NPR: Strange But True: Music Doesn’t Make Some People Happy
Some people lack the ability to get pleasure from music, researchers say, even though they enjoy food, sex and other great joys in life.
Psychologists at the University of Barcelona stumbled upon this while they were screening participants for a study by using responses to music to gauge emotion. They were surprised to find that music wasn’t important at all to about 5 percent of the people — they said they didn’t bob up and down to tunes they liked, didn’t get weepy, didn’t get chills. It was like they couldn’t feel the music at all.
Then they asked the participants to bring in music they liked. “The first surprise is that some of the participants had trouble bringing music from home,” says Josep Marco-Pallares, an associate professor of psychology at the University of Barcelona and senior author of the study. These people didn’t have any music — no MP3s, no CDs. No Spotify or Pandora.

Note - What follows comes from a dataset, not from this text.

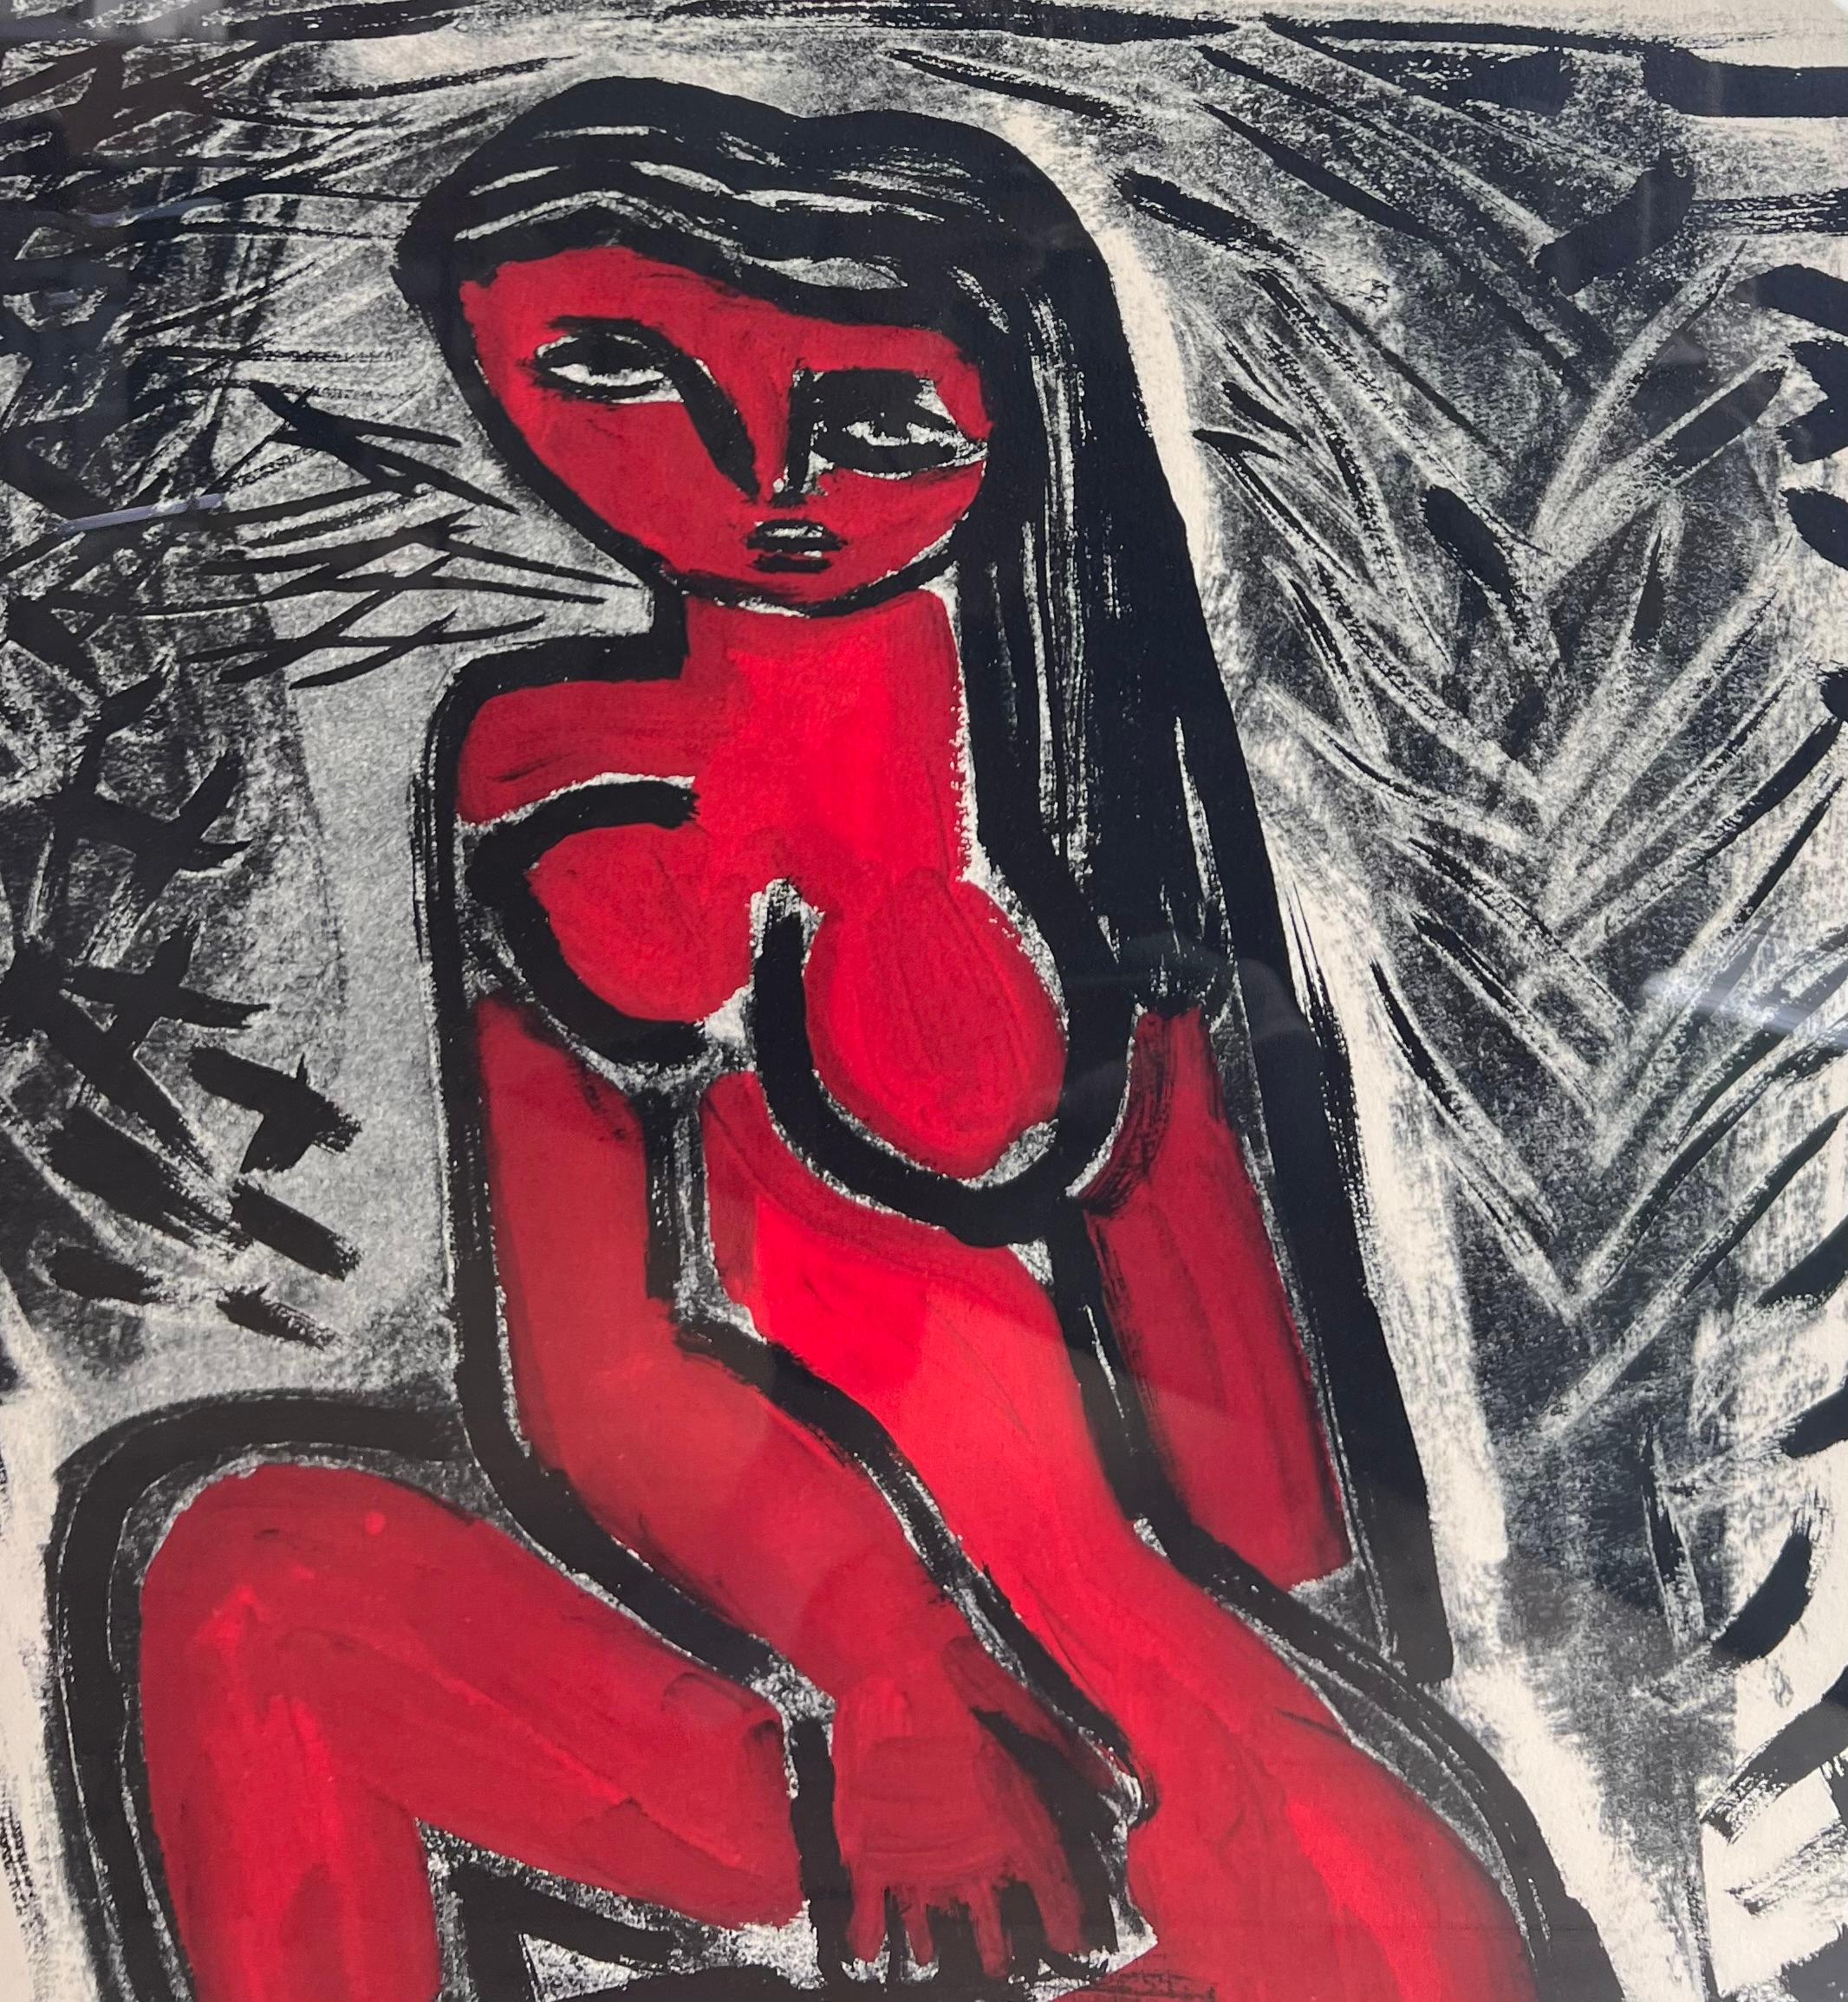 A modernist portrait of a femme in red by Guillaume Corneille (1922-2010), signed, Netherlands 20th century. Edition 36 of 125. This is an early monochromatic work of Corneille, who was known primarily for his later colorful pieces with fauvist

I wonder if I might be in this 5%. I don’t have no music, but I definitely have a relatively small, narrow selection. What music I do like I tend not to play very often either. I listen to a lot of podcasts instead, or nothing at all when I need to concentrate. Most of my favourite music dates back to when I was a teenager and used to listen to a lot more.
I think music is something I listen to when I’m in a certain mood, not something that easily alters my mood.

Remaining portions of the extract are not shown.